A walk through the Koreas

Last week, many stories and pictures emerged of North and South Korean bonhomie. One picture showed South Korean President Moon Jae-in filling a plastic bottle with water from the Heaven Lake of Mount Paektu in North Korea, which he had climbed with North Korean leader Kim Jong-un at the end of a three-day summit. As the somewhat showy images of North-South reconciliation played out, Andrei Lankov, who teaches at Kookmin University in Seoul and is an old North Korea watcher, tweeted: “N. Korea still won’t surrender its nuclear weapons completely.

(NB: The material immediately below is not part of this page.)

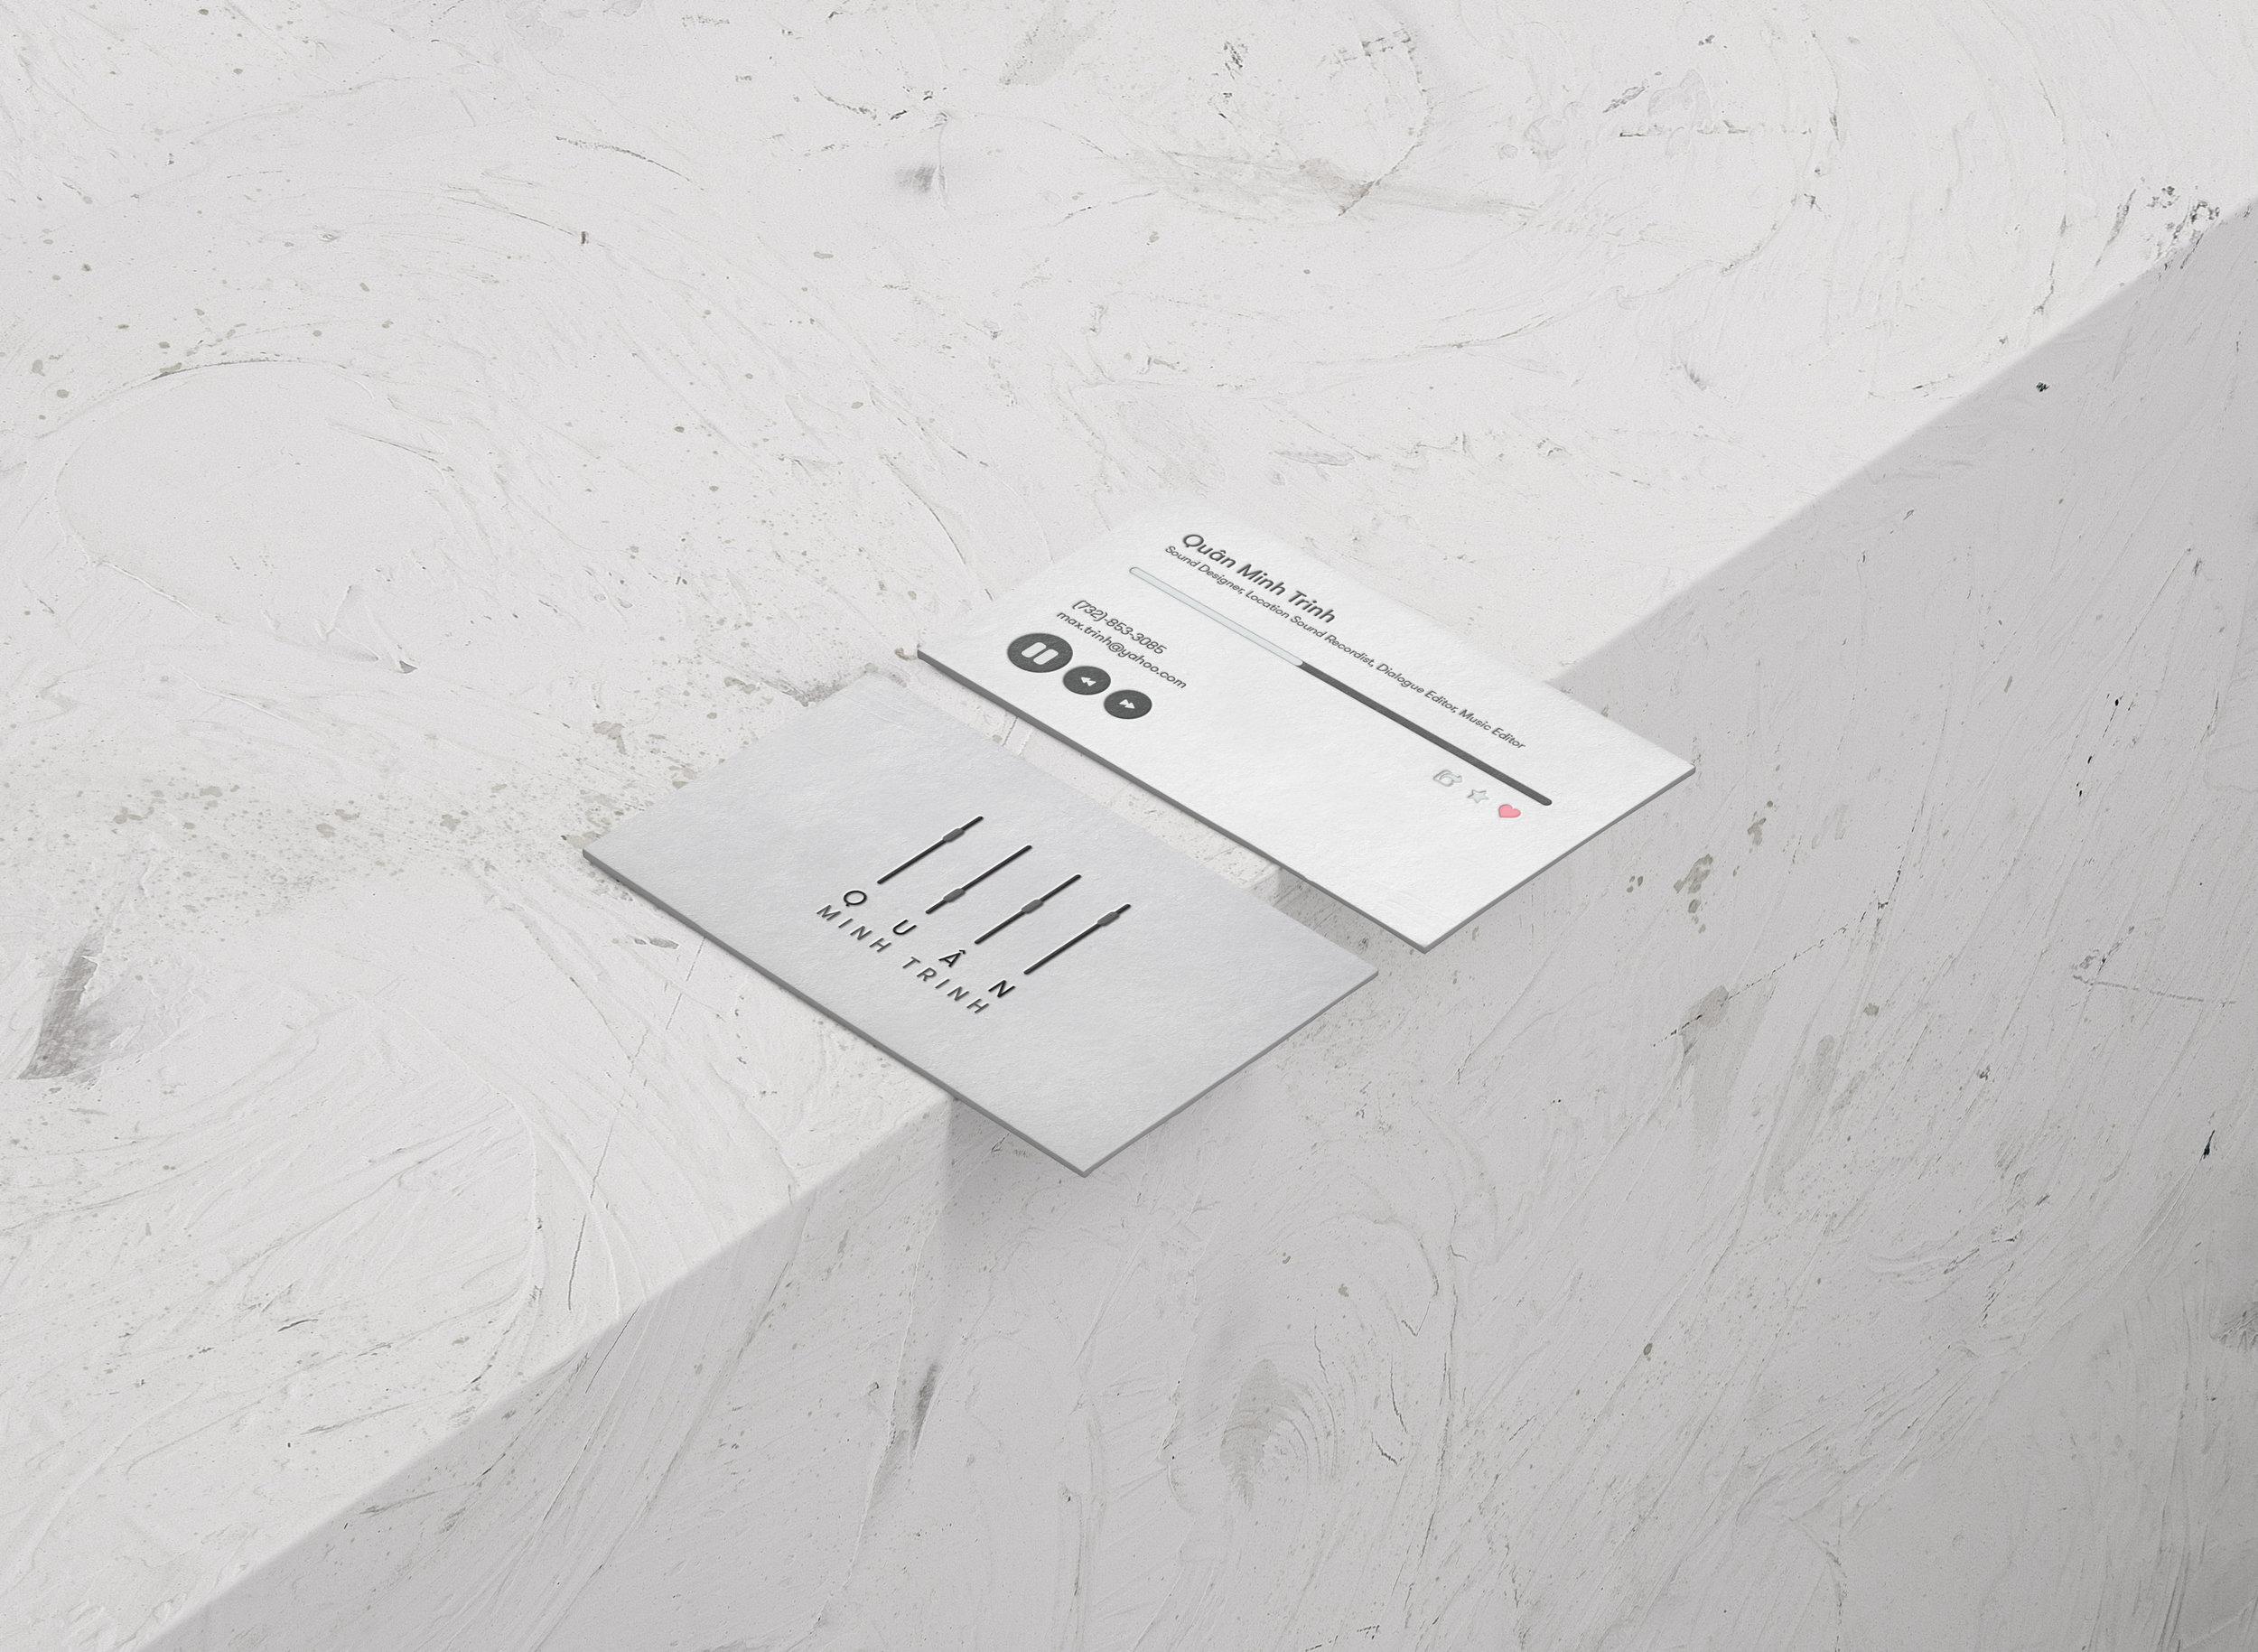 Businesscard-Mockup-presentation-vol-35.jpg

But the return of U.S. hardliners is a real threat, so if a bit of inter-Korean showmanship can reduce the chance of a crisis emerging, let it be.” Lankov’s The Real North Korea: Life and Politics in the Failed Stalinist Utopia (2013) cuts through the “cliches” about the country being “mad” and “a nation of nuclear blackmailers” by pointing out that “North Korea’s leadership is quite rational, and nothing shows this better than its continuing survival against the odds.” However, for Hyeonseo Lee ( The Girl with Seven Names , 2015), who still loves and misses North Korea, there’s no returning back as it “remains as closed and cruel as ever.” In her book, Hyeonseo describes her happy-sad life — the beautiful winters and loving parents, witnessing a public execution when she was seven, and the night she fled across a frozen river.